Feast Day: St. Romanus,
martyr. St. Nathy, or David, priest in Ireland. St.
Fedlimid, or Felimy, bishop of Kilmore, confessor, 6th
century.
IZAAK WALTON
Uncanonized, Izaak Walton is
the patron saint of anglers. About scarce another
author centre memories of such unmixed gentleness and
peace. To speak of Walton is to fall to praising him.
As Charles Lamb
says:
'It might sweeten a man's
temper at any time to read the Complete Angler.'
Of Walton's early life little
is known beyond the fact that he was born at Stafford
in 1593. It is presumed he was apprenticed in London
to a sempster or linen-draper, for soon after coming
of age he had a shop of his own in the Royal Exchange,
Cornhill.
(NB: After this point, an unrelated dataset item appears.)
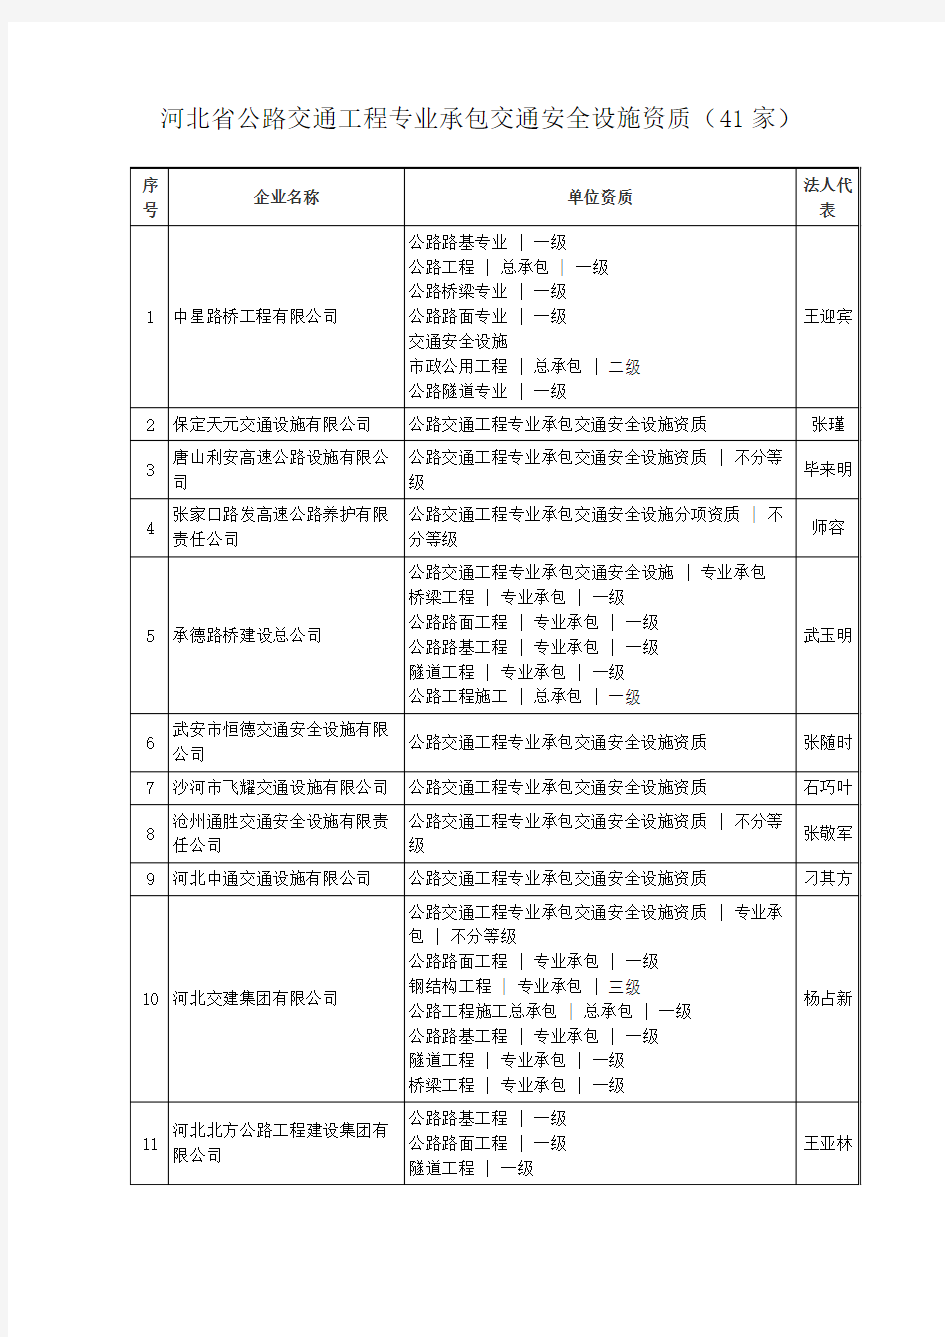 河北省公路交通工程专业承包交通安全设施资质(41家)
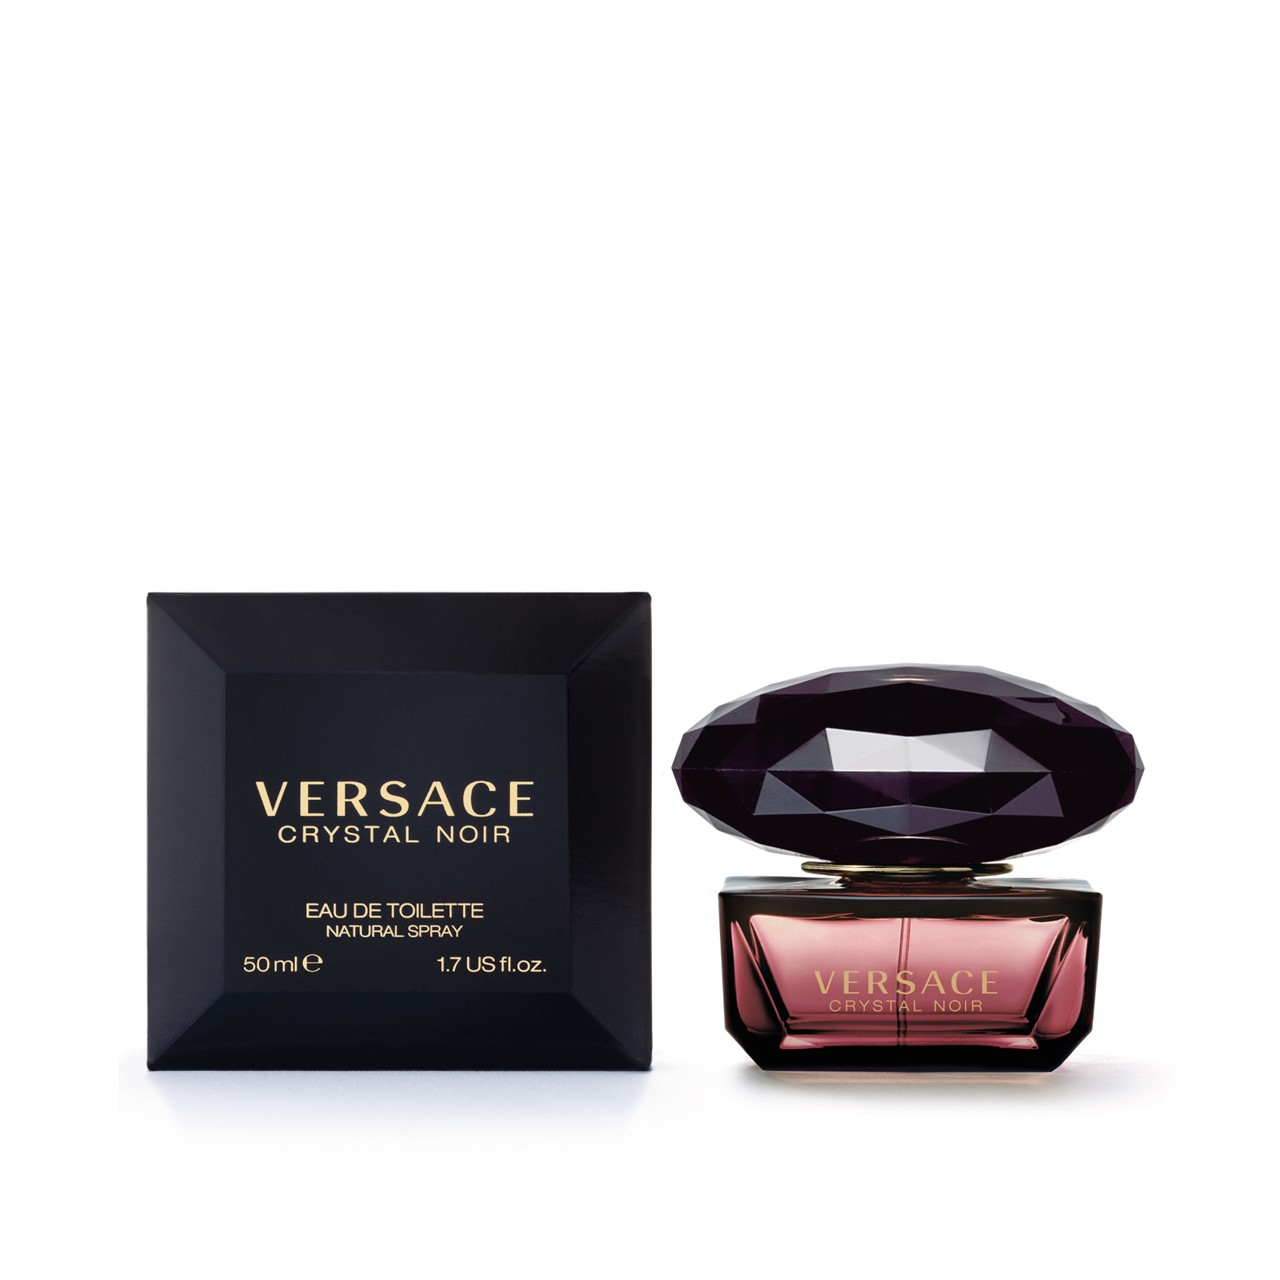 Versace Crystal Noir Eau de Toilette 50ml (1.7fl.oz.)

In this situation he could hardly have had
elbow-room, for the shops in the Exchange were but 7.5
feet long by 5 wide. From this, in 1624, he moved to a
house 'on the north side of Fleet Street, two doors
west of the end of Chancery Lane,' thus under the very
shadow of Temple Bar. In the crowd and din of the
junction there of Fleet Street and the Strand, it is a
piquant reflection at this day, that an author whose
name is wedded with green fields and quiet waters once
abode. Subsequently he removed round the corner to the
seventh house on the west side of Chancery Lane.
In this neighbourhood Walton
tasted much sorrow. He married at Canterbury, in 1626,
Rachel Floud, maternally descended from Archbishop
Cranmer. Seven children were the fruit of this union,
but they all died in childhood, and last of all the
mother also, in 1640. The narrow accommodations which
London tradesmen then assigned to their families are
sufficient to account for such tragic results.
Meanwhile Walton's business as linen-draper prospered;
and for recreation he used 'to go a-fishing with
honest Nat, and R. Roe.' His favourite stream was the
Lea, a river which has its source above Ware, in
Hertfordshire, and gliding about the country to the
north-east of London, falls into the Thames a little
above Blackwall.
Amidst the troubles of the
civil war, while London was generally parliamentarian,
worthy Izaak remained a steady royalist and churchman.
Having accumulated a small independence, and anxious,
it is supposed, to escape from the scene of so many
domestic afflictions, and from possible annoyance on
the score of his faith and politics, he gave up
shopkeeping, about 1643, and retired into the country.
In 1646, he contracted a second marriage with
Anne Ken, sister of the saintly
bishop of Bath and Wells. She died in 1662, leaving
her husband a son Izaak and a daughter Anne to comfort
him in his prolonged old age.
Walton was fifty when he gave
up business, and forty years of leisure remained for
his enjoyment. Authorship he had begun before he left
his shop. In the parish church of St. Dunstan he had
been a hearer and, as he says, 'a convert' to the
preaching of Dean Donne, the
poet. An intimate friendship ensued between the divine
and the linen-draper, and when Donne died in 1631,
Walton was tempted into writing his elegy; and to a
collection of the dean's Sermons, published in 1640,
he prefixed The Life of Dr. John Donnie. His
success in this piece of biography led on to other
efforts of the same kind, as inclination and
opportunity offered. In 1651, appeared his Life of
Sir Henry Walton; in 1662, The Life of Mr.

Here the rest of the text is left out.